In the use of cooling device shown in FIGS. 6-9, it may be found desirable to suspend said device adjacent the user of the device, e.g., a driver of an automobile. In such case the device would be suspended by means of a flexible cord 122 or similar conventional means from a suitable support such as a plate 124 which is adhesively secured to the windshield of the automobile. Another cord element 126 may attach to the lower end of the cooler to another support below the dashborad of the automobile or the steering column or the like. This may also be done by means of an adhesively secured plate 128 or other conventional means. The position of the cooler may be adjusted by means of screw elements 130 which are provided with bumper elements 132 at their outer ends. These adjusting screws may be set to meet the individual requirements of a particular installation and a particular user. As an illustration, these adjusting screws and more particularly their bumper ends will rest against a dashboard 130 and thereby not only protect the dashboard but also properly position the cooler for efficient functioning and focused cooling effect.
The third form of the invention, as illustrated in FIGS. 10-13 comprises an insulated container 140 containing a plurality of refrigerant containers 142 and 144. Refrigerant containers 144 are conventional and may be purchased on the open market. In one arrangement of these refrigerant containers the larger containers 142 are placed in the bottom of receptacle 140, a metal plate 146 is then placed on said containers 142 and containers 144 are then placed on said plate 146. Containers 144 are arranged in a circle and a cup element 148 is placed within the circle. Motor 150 which drives fan 152 is secured to a plate 154 which corresponds, substantially, to plate 146. Plate 154 is placed upon containers 144 and cup 148 and it will be observed that motor 150 is thereby inserted into said cup.
The entire device is now in operative condition. Receptacle 140 has a cover 156 which would enclose the fan and plate 154 when the unit is not in use but said cover may be swung into open position, as shown in FIGS. 10 and 11, when the device is to be used.
The form of invention shown in FIGS. 10-13 is intended for use when supported on a flat surface such as a floor, chair or table. It may be placed on the seat of an automobile. This is also true of the first form of the invention but the supporting means which is shown in connection with the second form of the invention may also be applied to the first and third forms. In short, any conventional means of supporting or suspending any one of the three devices herein described and shown may be used.
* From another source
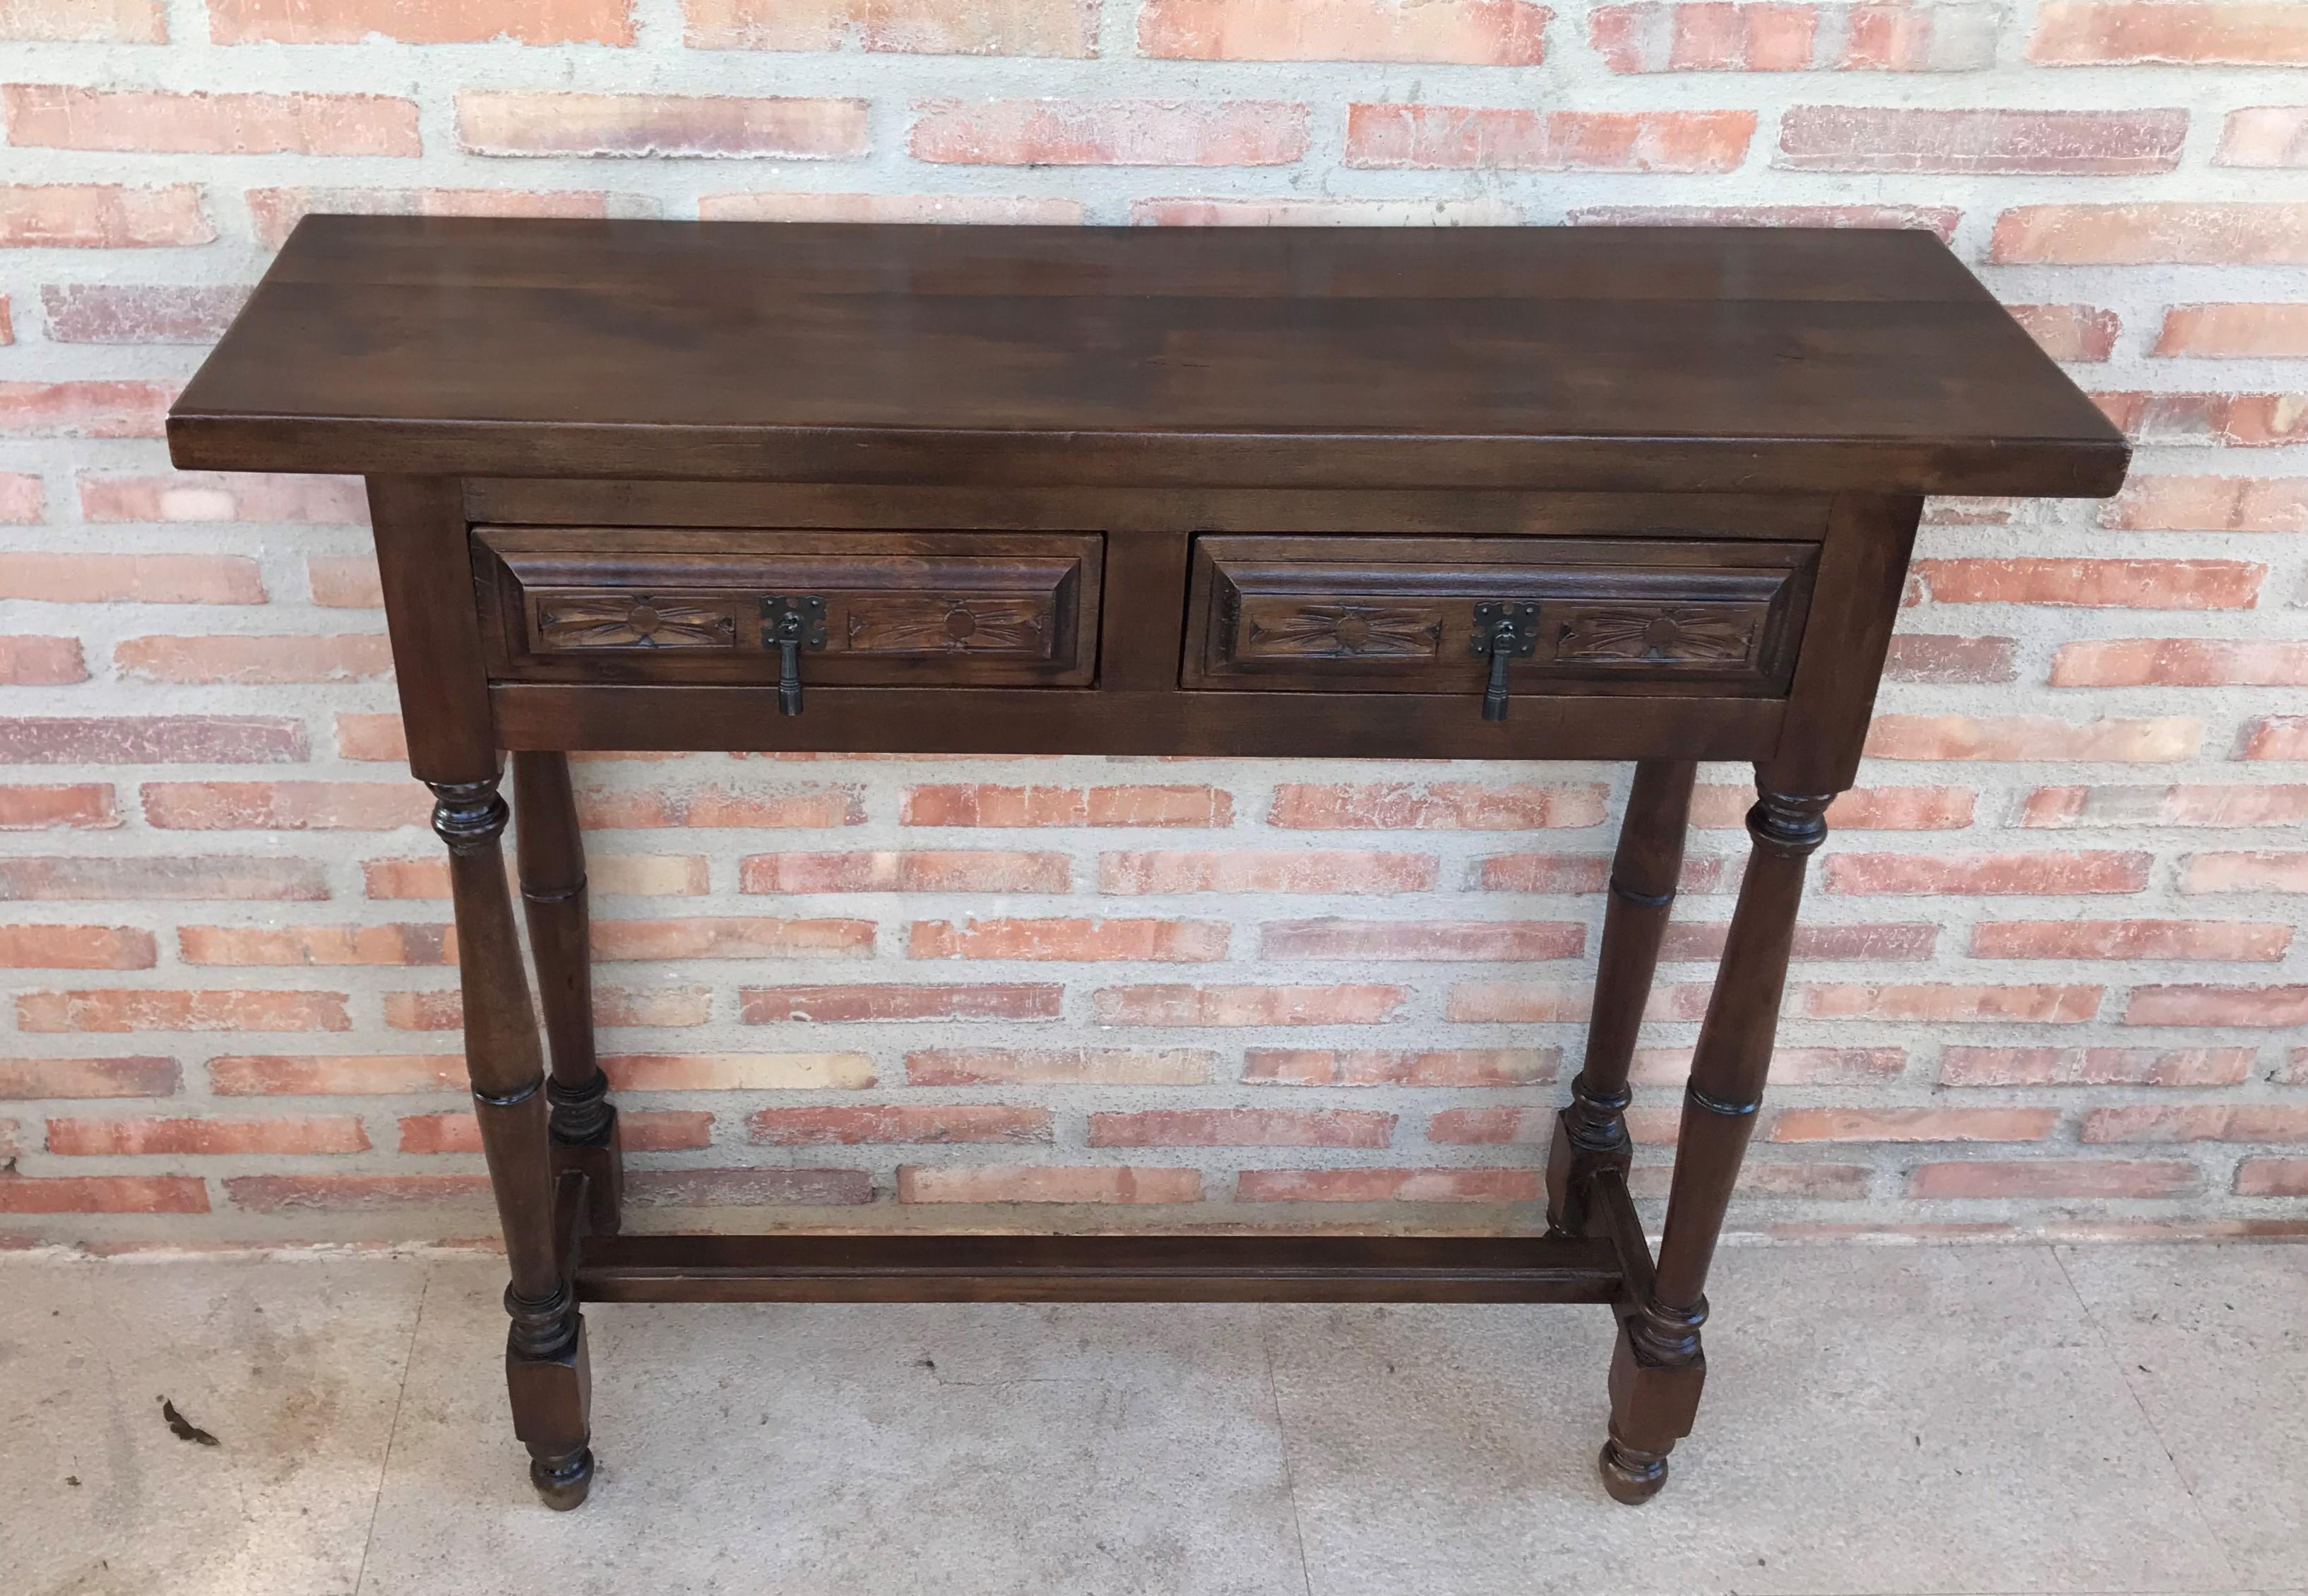 Spanish Baroque carved walnut console table with two drawers, circa 1890.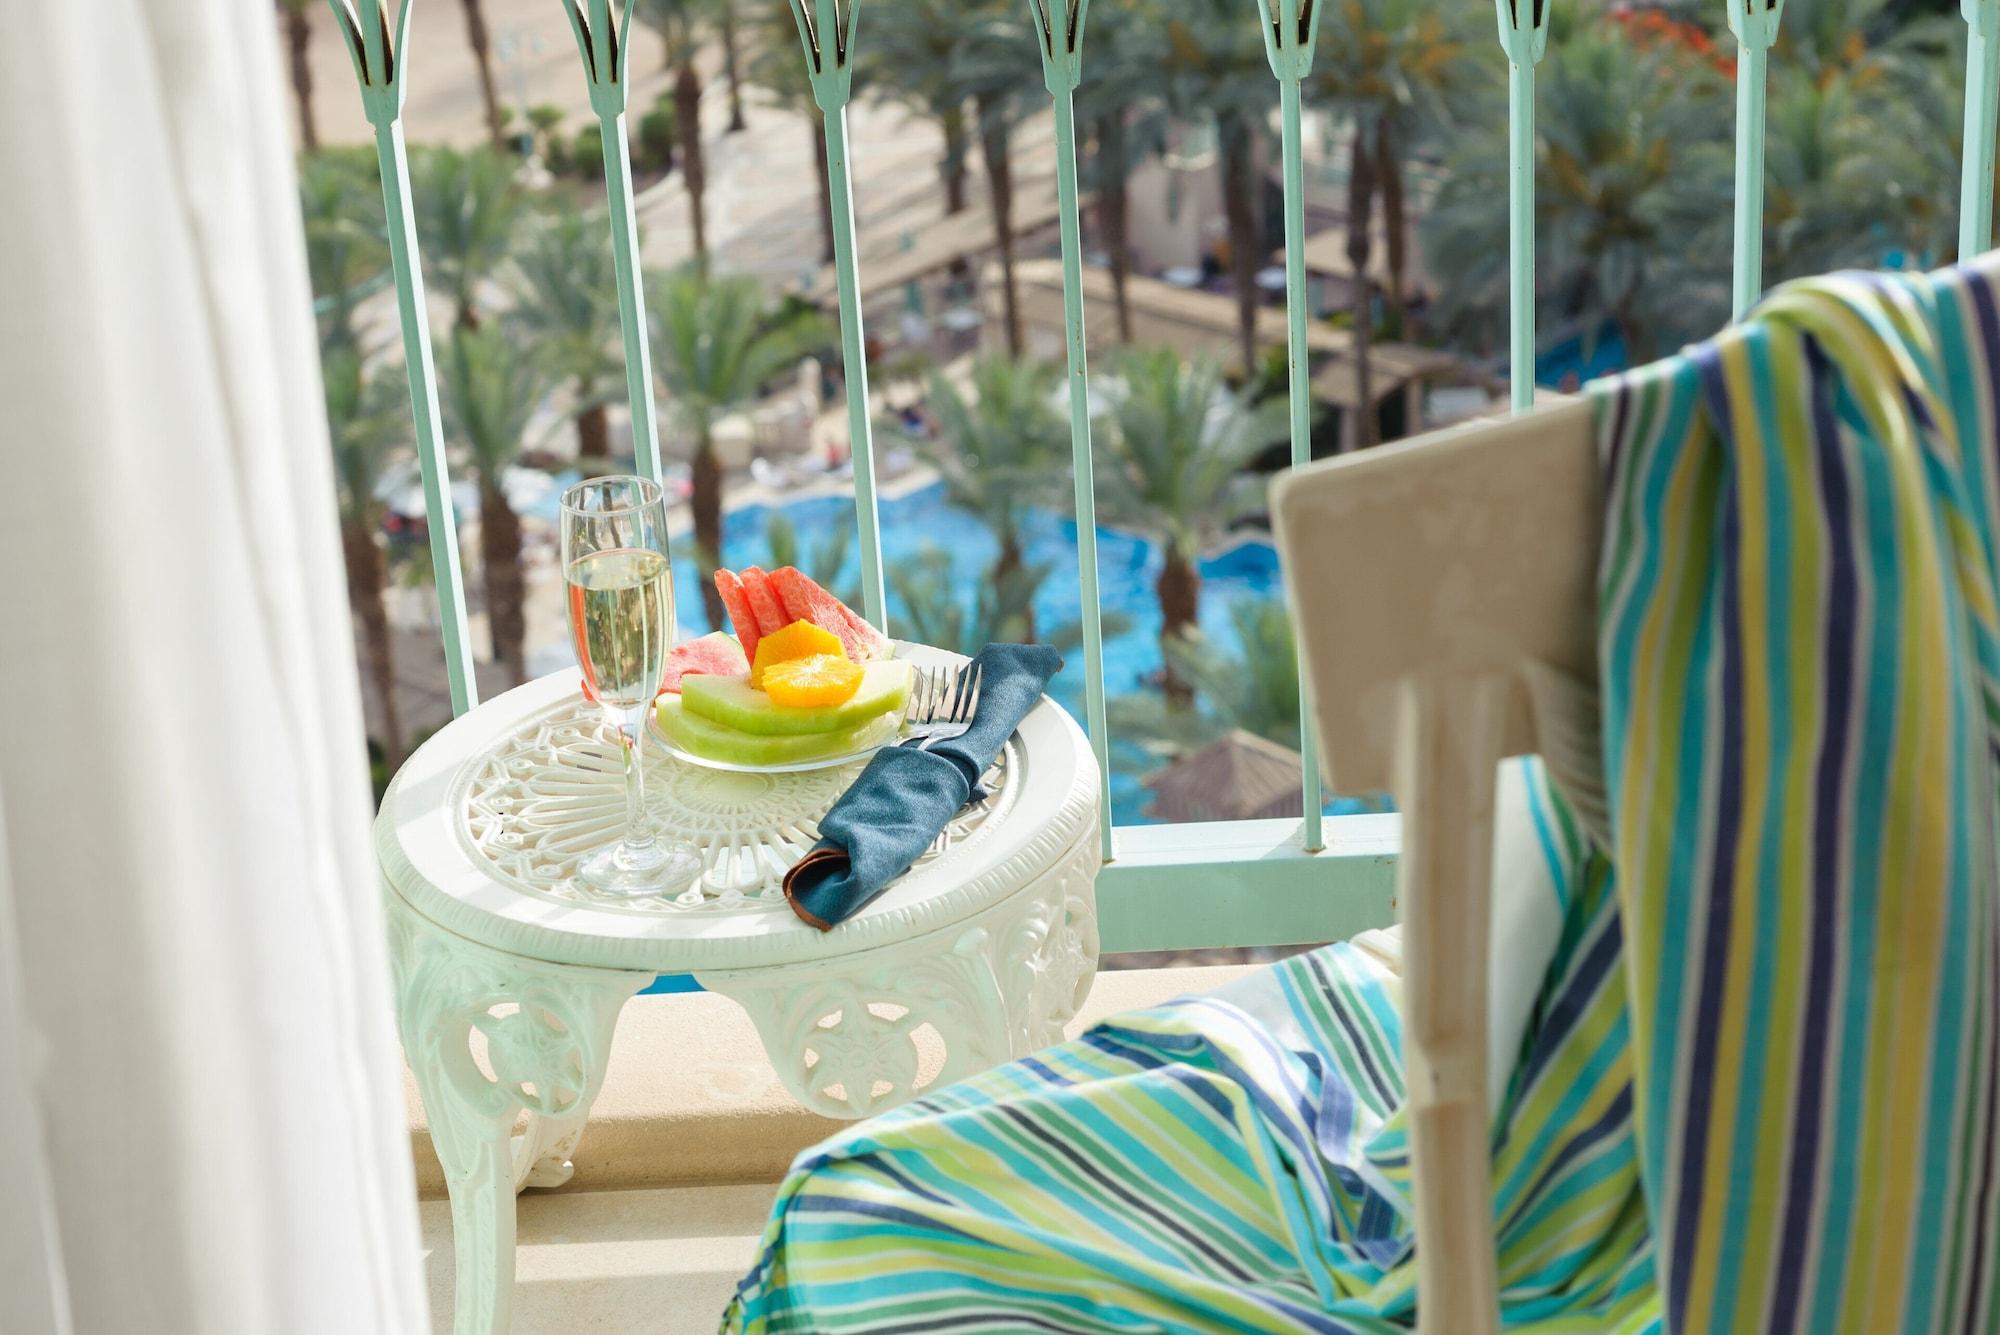 Herods Palace Hotels & Spa Eilat A Premium Collection By Fattal Hotels エクステリア 写真

Applicant does not claim any specific supporting means.
It should also be understood that the type of motor used is determined by the nature of the power source. For example, if the device is to be used in an automobile having a 12 volt circuit, the motor would be a 12 volt direct current motor. If the device is to be used in the home having the usual 110 volt alternating current, the motor would be a 110 volt alternating current motor. Alternatively, a 12 volt motor powered by a 110 volt circuit through a transformer may be used. All of these possibilities are conventional and known to the art.
1. Field of the Invention:
Localized air cooling and dehumidifying means for relatively short duration use in motor vehicles, homes, offices and the like.
2. Description of the Prior Art:
In the course of a preliminary search conducted prior to the filing of this application, the following patents were located:
Name Number Warren 1,644,408 Madden 1,923,547 Malm 1,972,231 Timms 2,207,956 Lepper 2,557,004
These prior art air coolers, however, suffer from certain significant inherent disadvantages including the following:
1. Ice is used as the primary refrigerant. The normal operative temperature of ice cooled units is 32° F. (under standard conditions) and this is too high for effective dehumidification of the ambient air.
2. The ice is, in most cases, exposed to the air. This has the effect of increasing rather than diminishing the humidity of the air, since evaporation (or sublimation) into the air occurs as an inherent part of the process.
3. In some instances, the condensate from the air is recirculated into the air.
4. The cooling unit is, in most instances, too large or bulky to be placed in a home freezer for freezing the refrigerant. In some instances the cooling unit is not portable and therefore cannot be put into the freezer for that purpose.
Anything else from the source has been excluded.